Who did you imagine was producing the invitations? Maybe this fellow.
Here’s a UML-like diagram with the main Kafka components. We’ve introduced Producers, Topics, Partitions, Consumer Groups and Consumes today.
There’s a lot more to explore, including how Kafka provides replication, and the Connect and Streaming APIs.
To finish up here are three important use cases for Kafka
The Real-time Data pipeline features
Ingestion of multiple heterogeneous sources
Sending data to multiple heterogeneous sinks
Acts as a buffer to smooth out load spikes
Enables use cases which reprocess data (e.g. disaster recovery)
Real-time Event processing features:
Simple event driven applications (If X then Y…)
May write and read from other data sources (e.g. Cassandra)
New Events sent back to Kafka or to other systems
E.g. Anomaly Detection, check out my current blog series if you are interested in this example.
Streams processing features:
Complex streams processing (multiple events and streams)

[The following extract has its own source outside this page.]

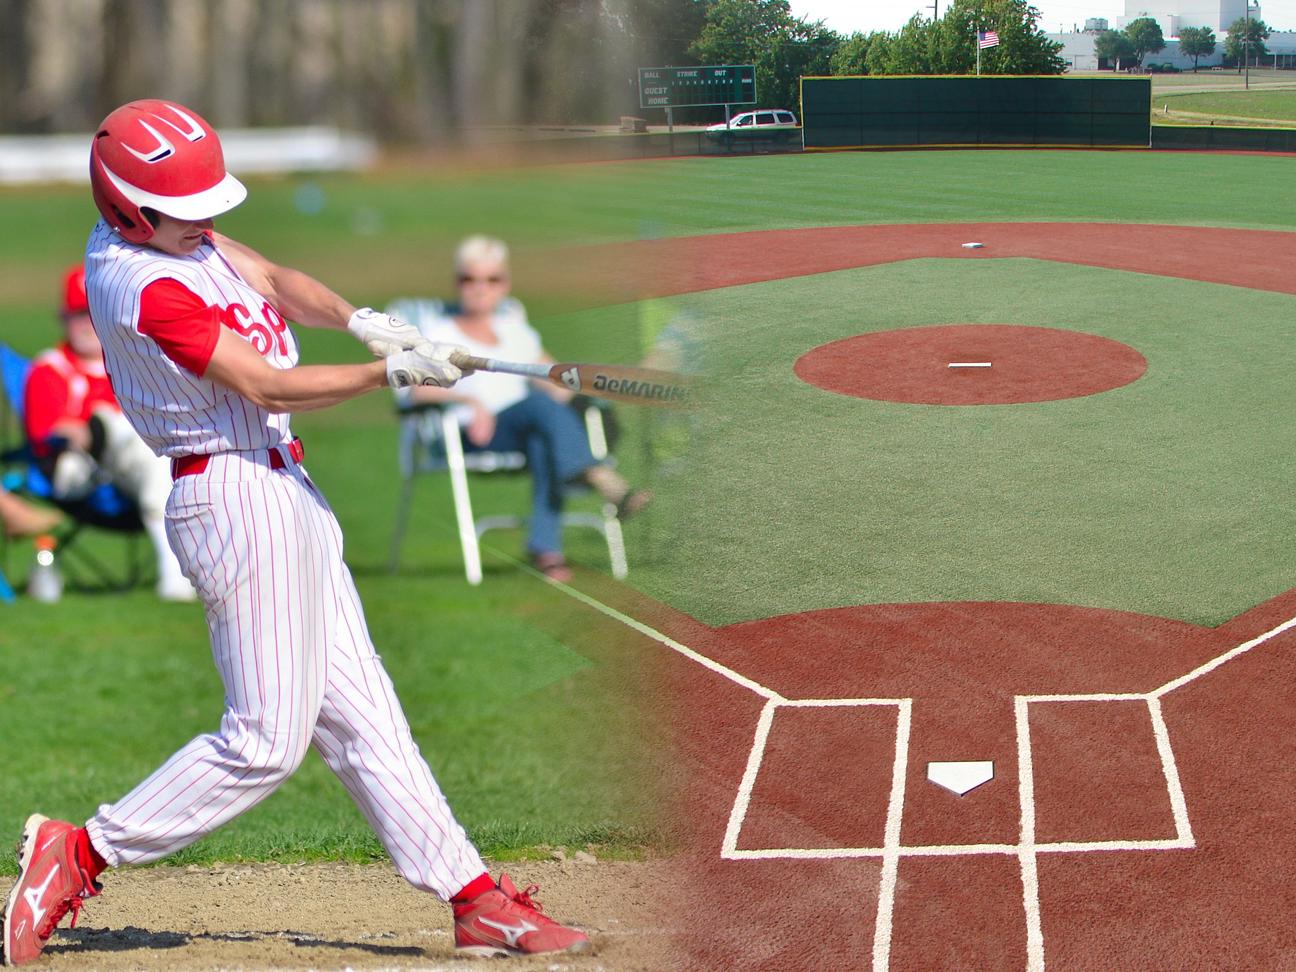 Artificial Turf is a Hit Among High School Baseball Teams

Time, windows, and transformations
Streams API, includes state store
This a visualization of the streams topology from the streams processing pipeline from my previous blog series, Kongo, a Kafka IoT logistics application.
It continuously computes the loads for trucks and checks if they are overloaded.
Here’s a real example from Linkedin, who developed Kafka. Before Kafka they had spaghetti integration of monolithic applications.
To accommodate growing membership and increasing site complexity, they migrated from a monolithic application infrastructure to one based on microservices, which made the integration even more complex.
After Kafka
Rather than maintaining and scaling each pipeline individually, they invested in the development of a single, distributed pub-sub platform. Thus, Kafka was born. This main benefit was better Service decoupling and independent scaling.